Megarama’s dominance could be shaken, however. In a few months, the group will face its first serious rival: Pathé, which will inaugurate an eight-screen complex in Casablanca at the end of the year, whose lessor is none other than the royal holding company SNI. “There were 40 million admissions per year in cinemas in Morocco in the early 1980s, our ambition is to bring the public back to theaters,” explains Frédéric Godfroid, director of operations for Pathé in Africa. To achieve this, the group has invested 100 million dirhams and is counting on state-of-the-art equipment with, “for the first time in Morocco”, 4DX technology.

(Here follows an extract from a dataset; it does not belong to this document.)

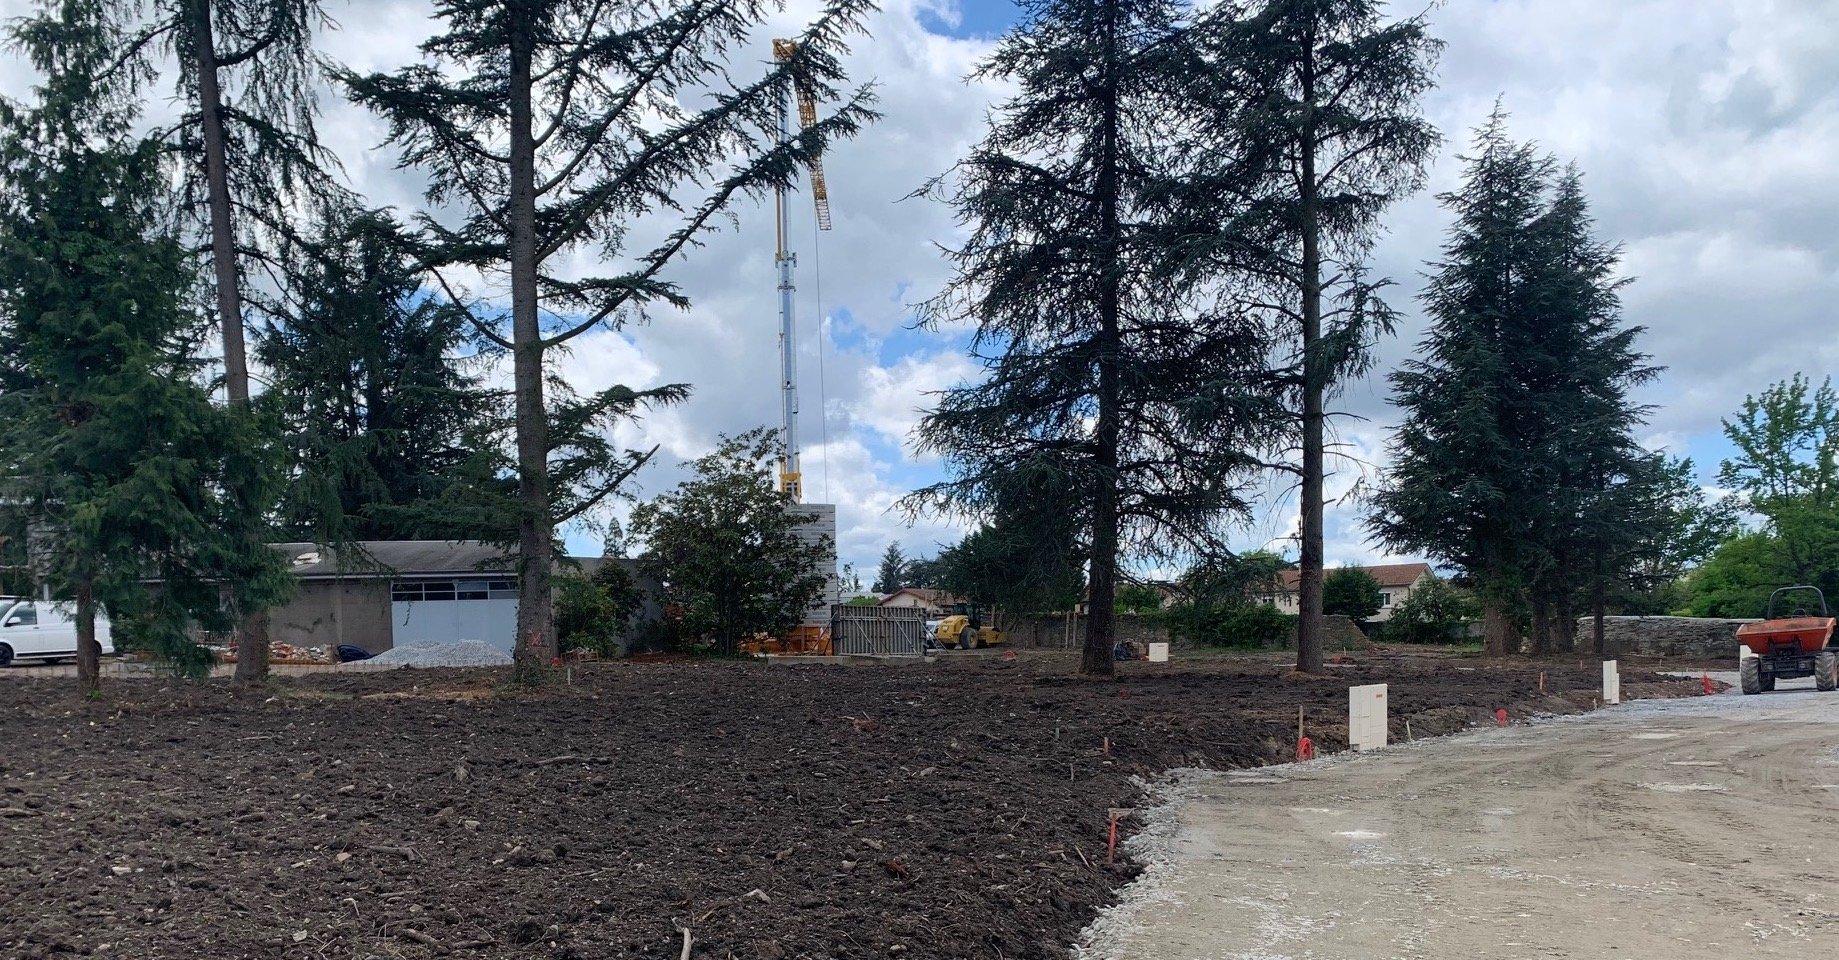 Terrains du constructeur PEGASUS PROMOTION • 549 m² • SAINT CHAMOND

Objective: to replicate the experience of Tunisia, where Pathé arrived in 2018. “Thanks to us, attendance has increased from 600,000 admissions in 2017 to 1.2 million in 2019”, explains Mr. Godfroid.
Alongside Mégarama, Pathé and CinéAtlas, the multiplex market will see the entry of a fourth player in 2024. Chaired by Hakim Chagraoui, distributor of brands specializing in projection and sound, the Moroccan company Cinerji has announced the opening, by 2027, of 28 multiplexes for a total of 150 rooms. The network will include old cinemas, new theaters in shopping centers and others built on bare land.
Investment amount: 400 million dirhams, half of which is financed with equity. “The rest comes from a Moroccan fund and another, foreign, already present in cinema in the Middle East. I can’t say more for the moment,” says the founder, who insists on a “business model” closer to events than to cinema: to compensate for the price of the ticket at 40 dirhams (3.70 euros), the businessman wants to bet on food and drink, as well as renting rooms to companies.
” I do not believe it. The starting bet is enormous and the number of rooms announced utopian, nuance a professional, who wishes to remain anonymous. Cinerji wants to go low-cost, but that’s not the trend. To convince a viewer to leave their living room, you have to offer them a premium experience. In 2009, the CCM was already planning to open 300 new cinemas thanks to the creation of an investment fund. “A stillborn project”, summarizes an operator, who calls for “an urgent awareness” of the public authorities.
“Reviving this heritage”
To increase attendance, the Ministry of Culture announced the transformation in 2022 of 150 places belonging to it to make them screening rooms with an entrance ticket at 20 dirhams. But the project has been postponed until 2024, officially due to the delay in material imports from China. “We don’t know anything about the schedule or who will be in charge of managing these places. We are already having trouble finding projectionists, ”wonders Hassan Belkady, who points to the lack of training in exhibition trades.
What about, meanwhile, the dozens of cinemas that have closed in recent years? Hicham Falah, also general delegate of the Cinémathèque de Tanger, recommends continuing the experiences of buyouts by the authorities carried out in Agadir and Tangier. “Even if the law regulates the destruction of cinemas, the owners prefer to let them deteriorate, to the point that their demolition becomes a measure of public safety. »
For his part, Tarik Mounim pleads for a partnership between municipalities and civil society, like the Louxor cinema in Paris. “In Casablanca alone, there are about twenty classified cinemas. We must revive this heritage, “he warns. His dream: to reopen the Ciné-Palace in Marrakech, partially destroyed in 2018. Built in 1926, the place is a carbon copy of a legendary cinema: the Eden of the Lumière brothers, in La Ciotat.